### Exercise instructions
Leave the pictures out. Return all other data exactly.
========================================================================
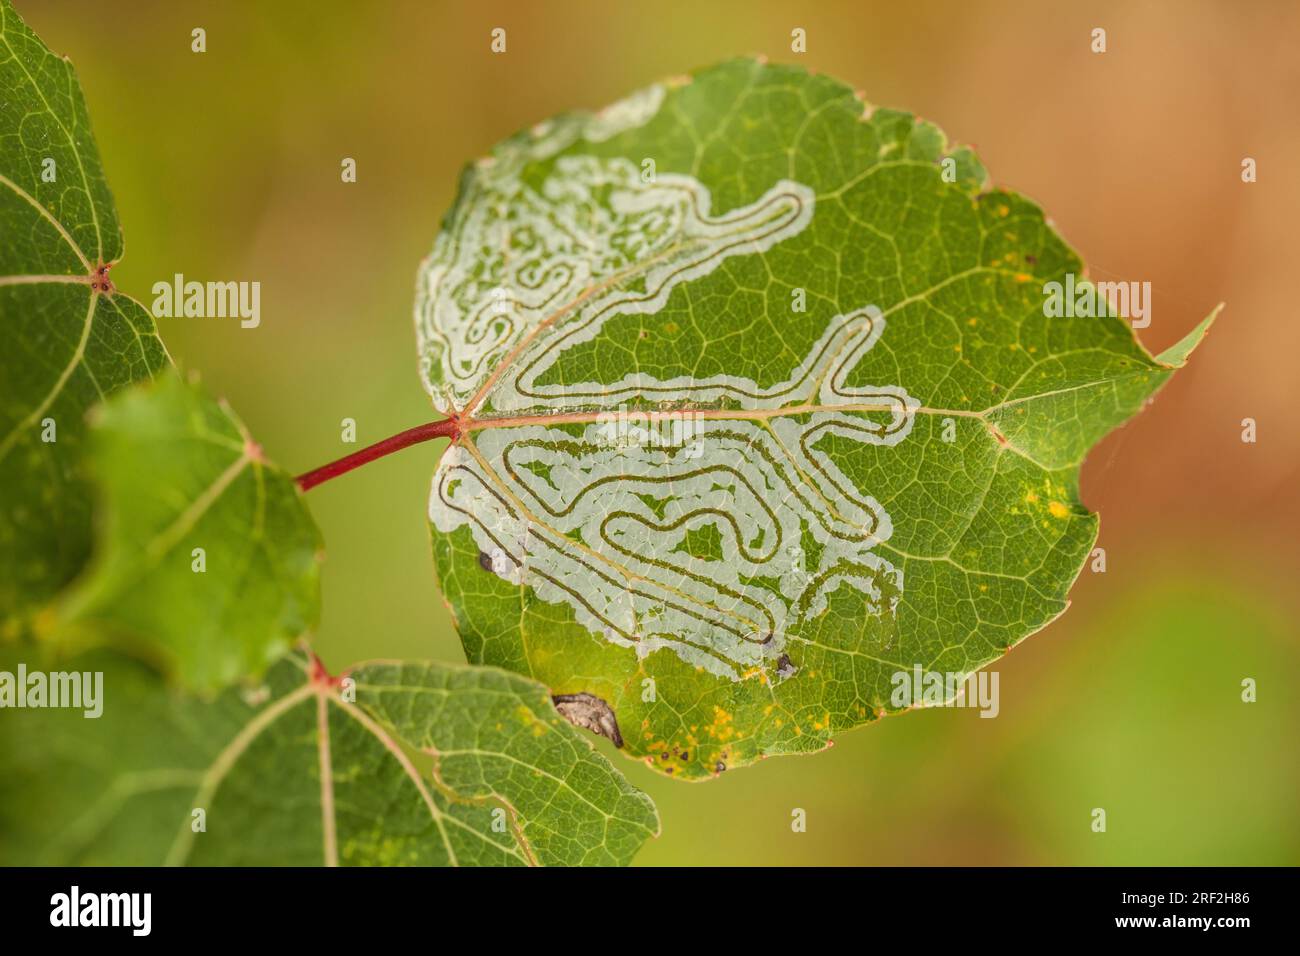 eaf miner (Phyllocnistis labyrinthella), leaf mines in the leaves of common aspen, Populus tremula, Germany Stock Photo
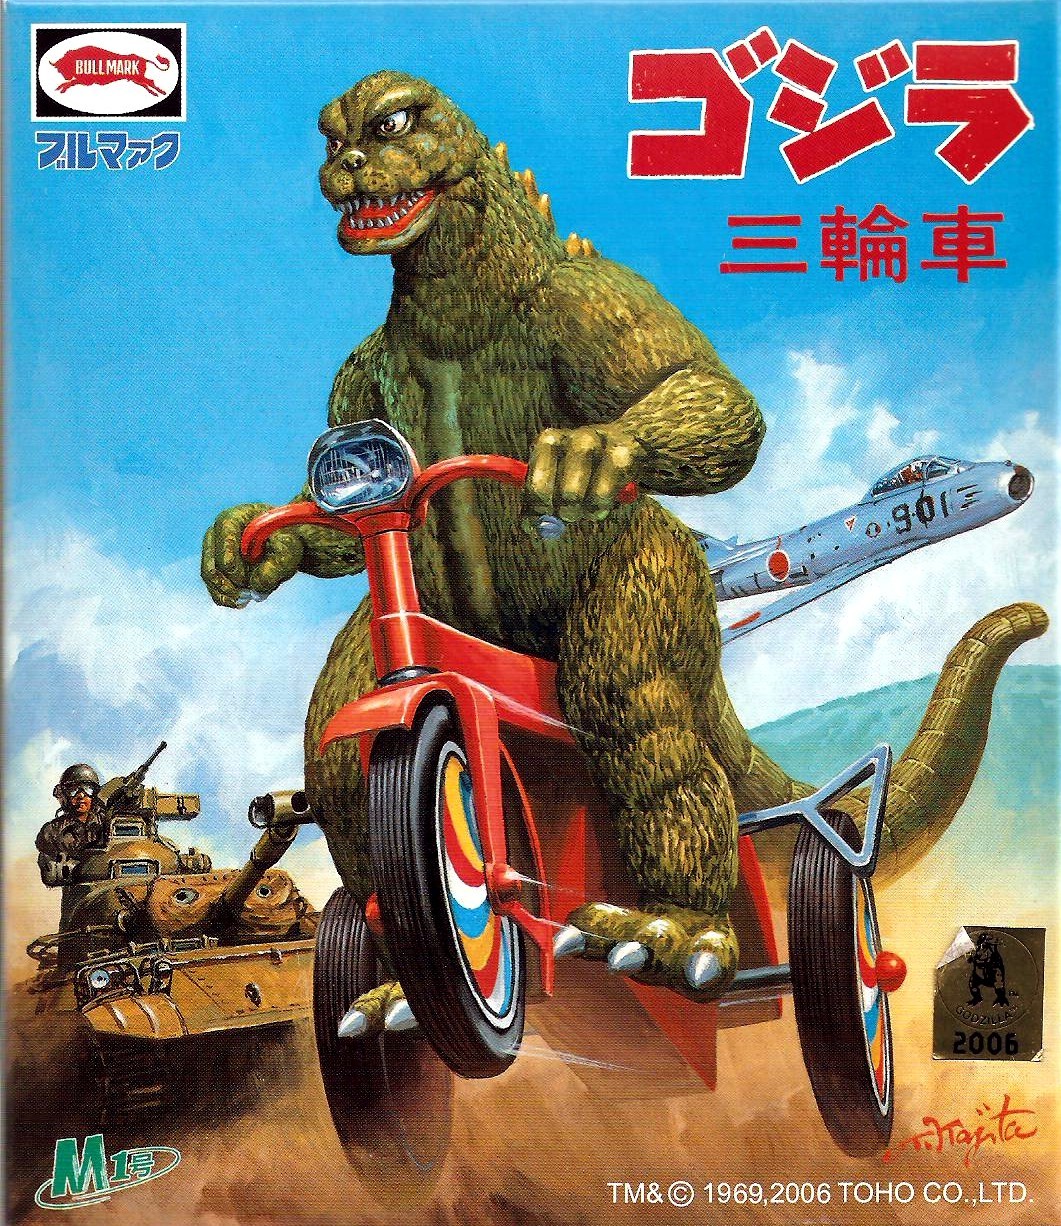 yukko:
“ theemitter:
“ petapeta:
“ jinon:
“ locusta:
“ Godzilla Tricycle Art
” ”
========================================================================
### Task result
 eaf miner (Phyllocnistis labyrinthella), leaf mines in the leaves of common aspen, Populus tremula, Germany Stock Photo
 yukko:
“ theemitter:
“ petapeta:
“ jinon:
“ locusta:
“ Godzilla Tricycle Art
” ”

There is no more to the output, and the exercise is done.